§ Work request
Output the data in full. Keep every word exact and exclude the pictures.

§ Data provided

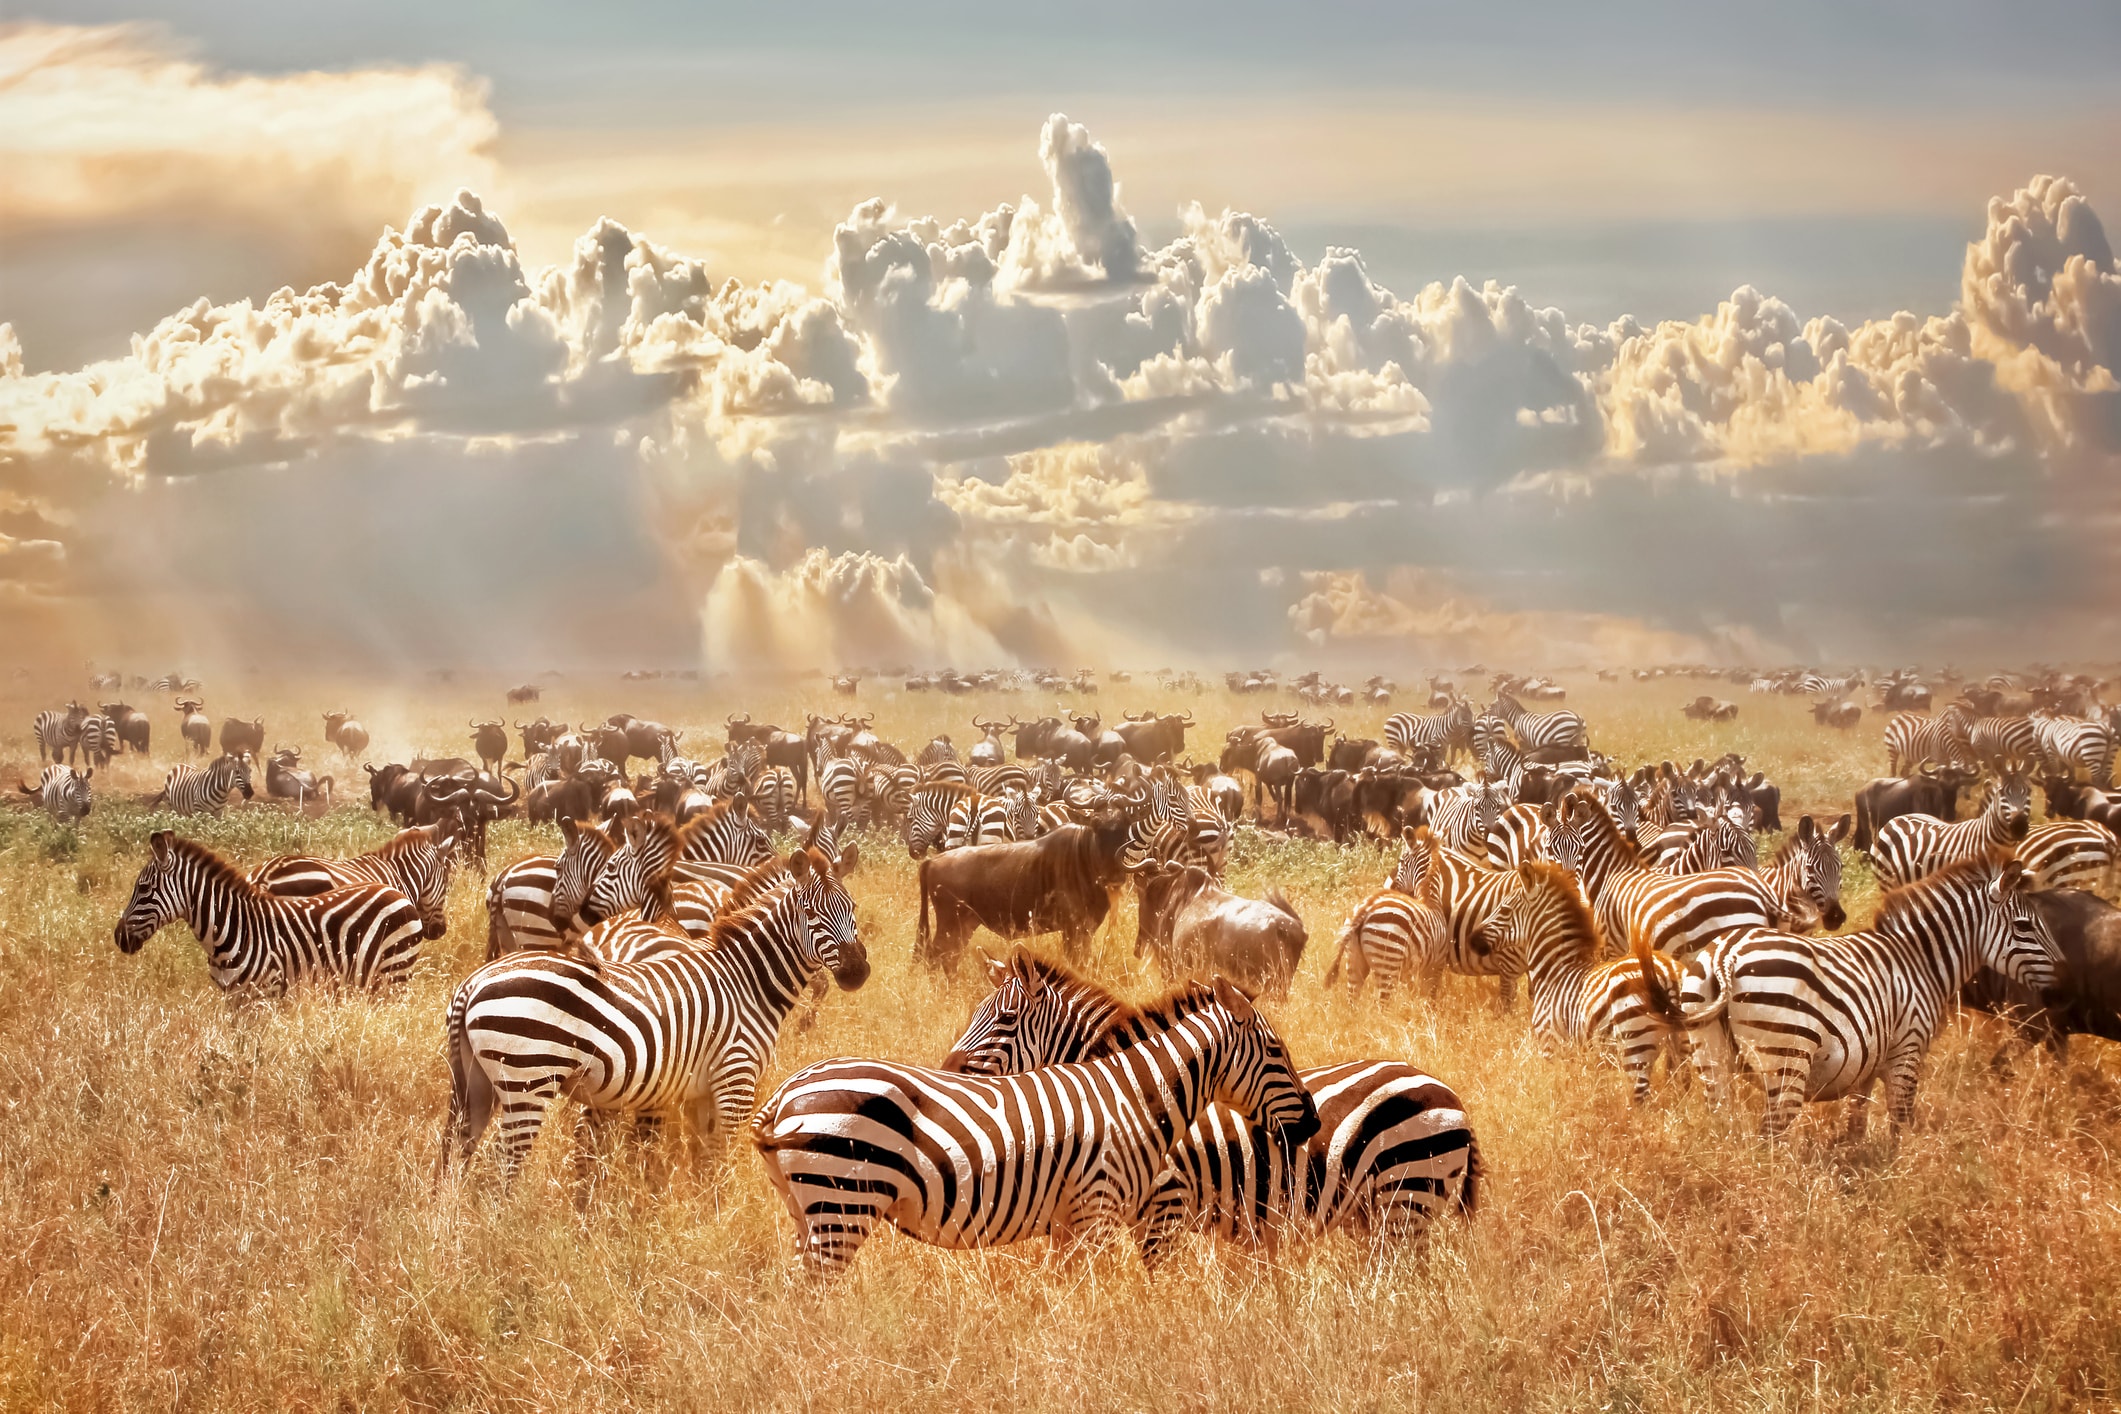 African wild zebras and wildebeest in the African savanna against a background of cumulus thunderclouds and the setting sun. Wild nature of Tanzania. Artistic natural image.
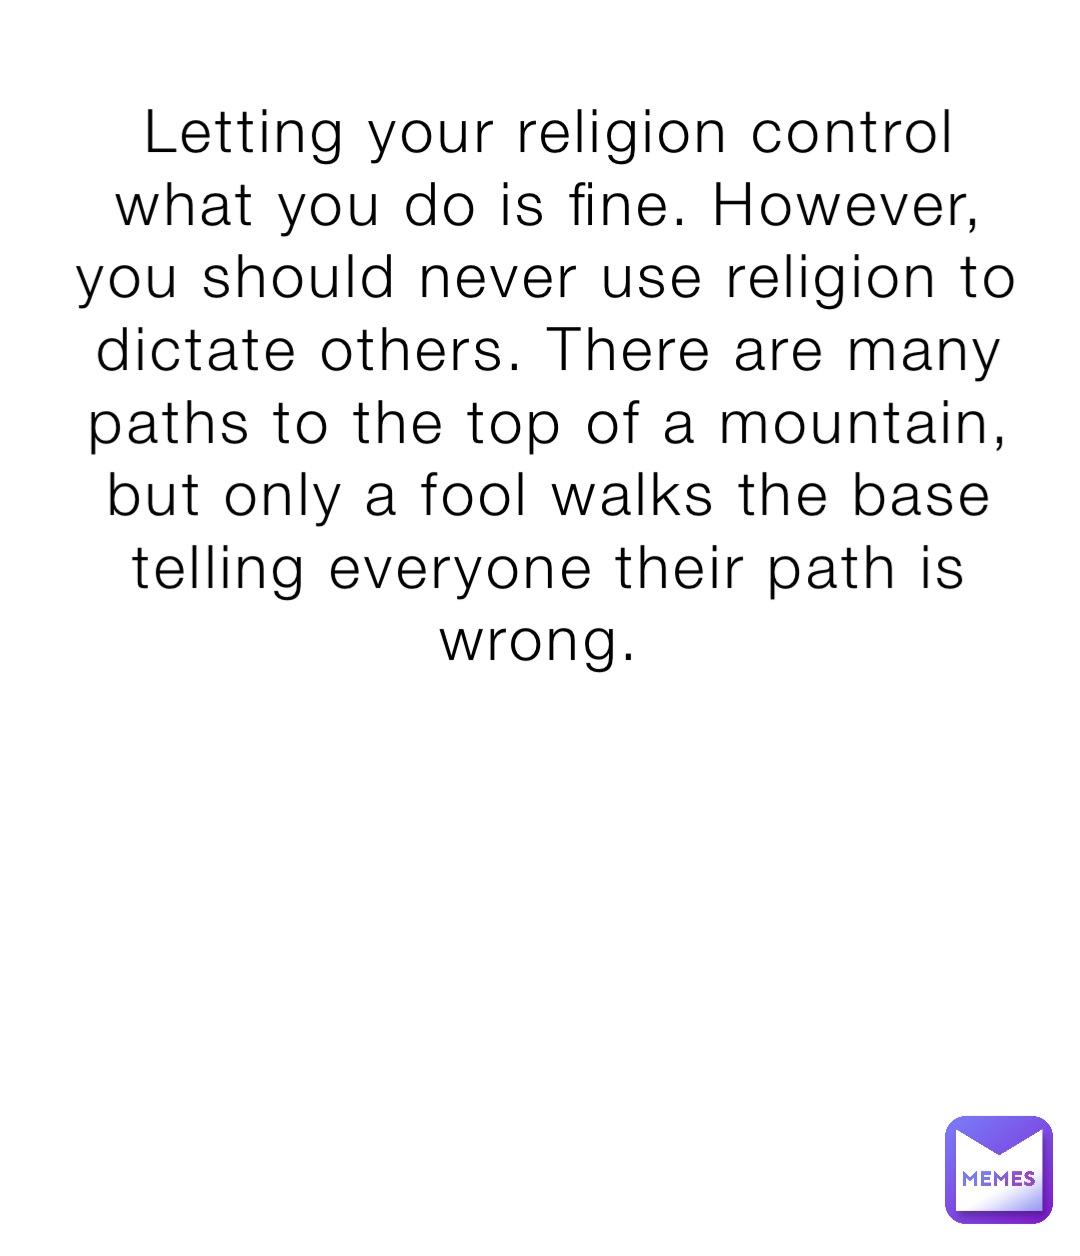 Letting your religion control what you do is fine. However, you should never use religion to dictate others. There are many paths to the top of a mountain, but only a fool walks the base telling everyone their path is wrong.
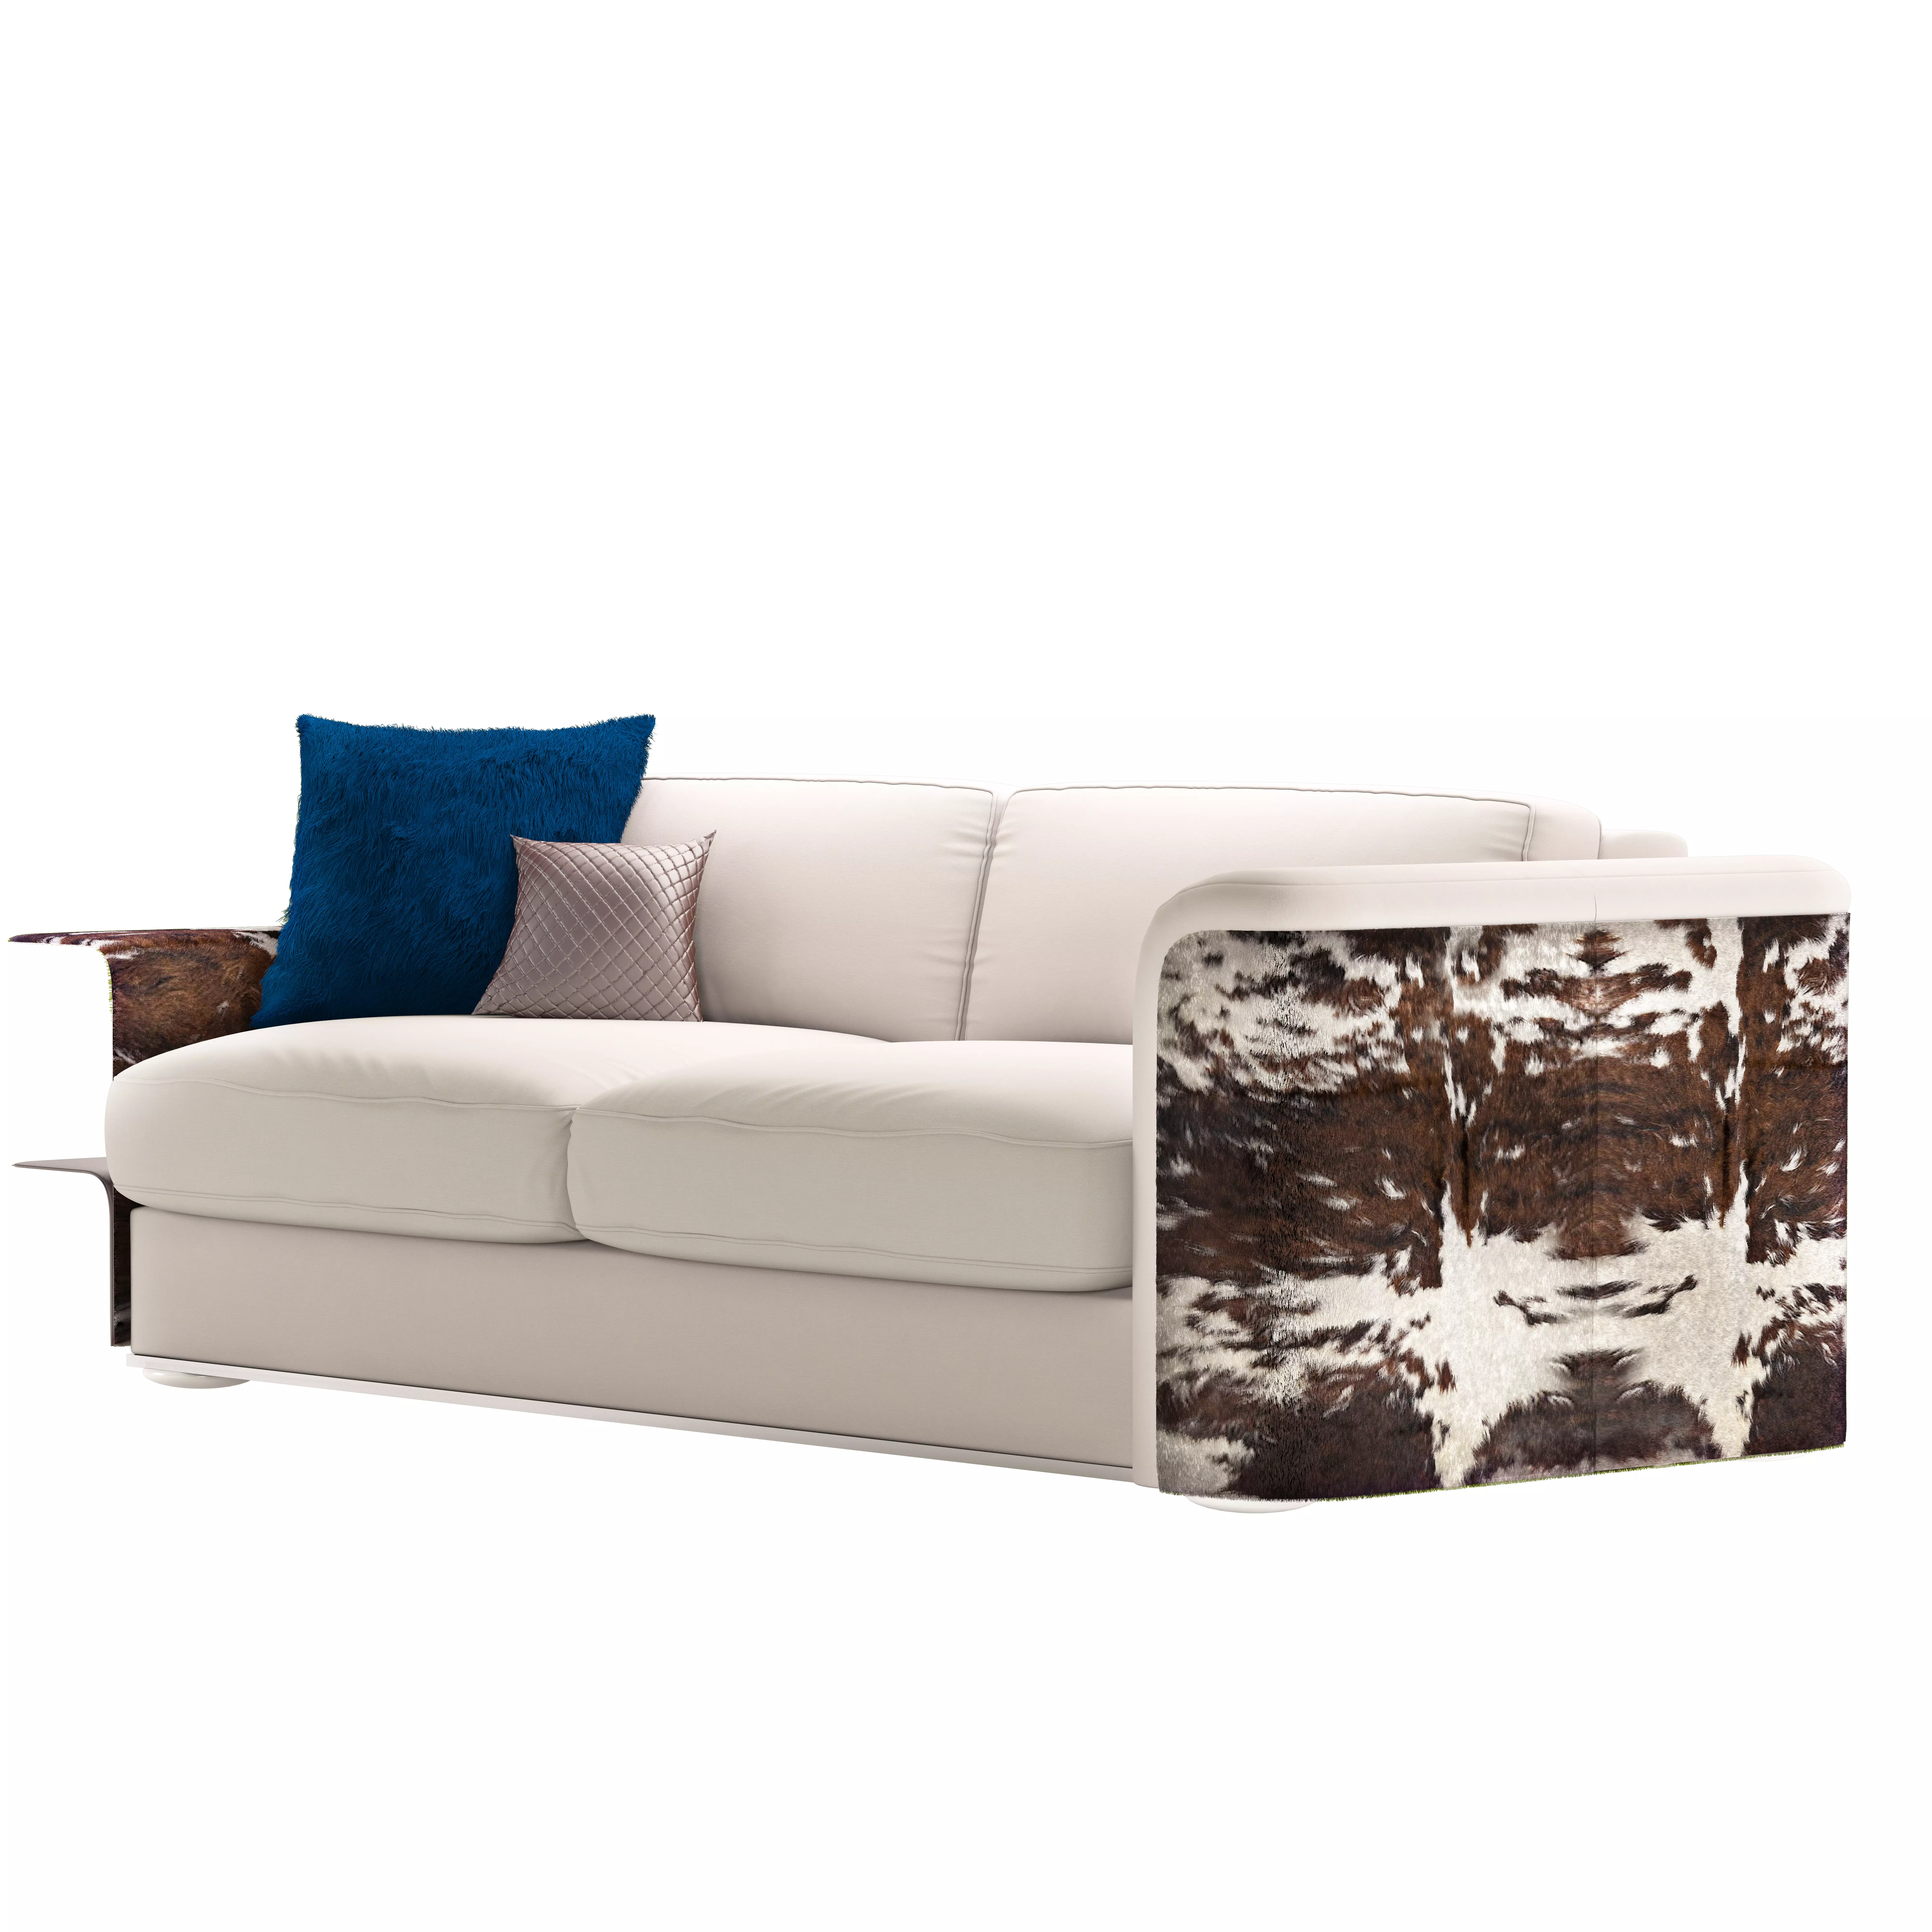 BUFFALO Seating Group will ventilate your home with its aesthetic design and details

§ Answer for this exercise
 African wild zebras and wildebeest in the African savanna against a background of cumulus thunderclouds and the setting sun. Wild nature of Tanzania. Artistic natural image.
 Letting your religion control what you do is fine. However, you should never use religion to dictate others. There are many paths to the top of a mountain, but only a fool walks the base telling everyone their path is wrong.
 BUFFALO Seating Group will ventilate your home with its aesthetic design and details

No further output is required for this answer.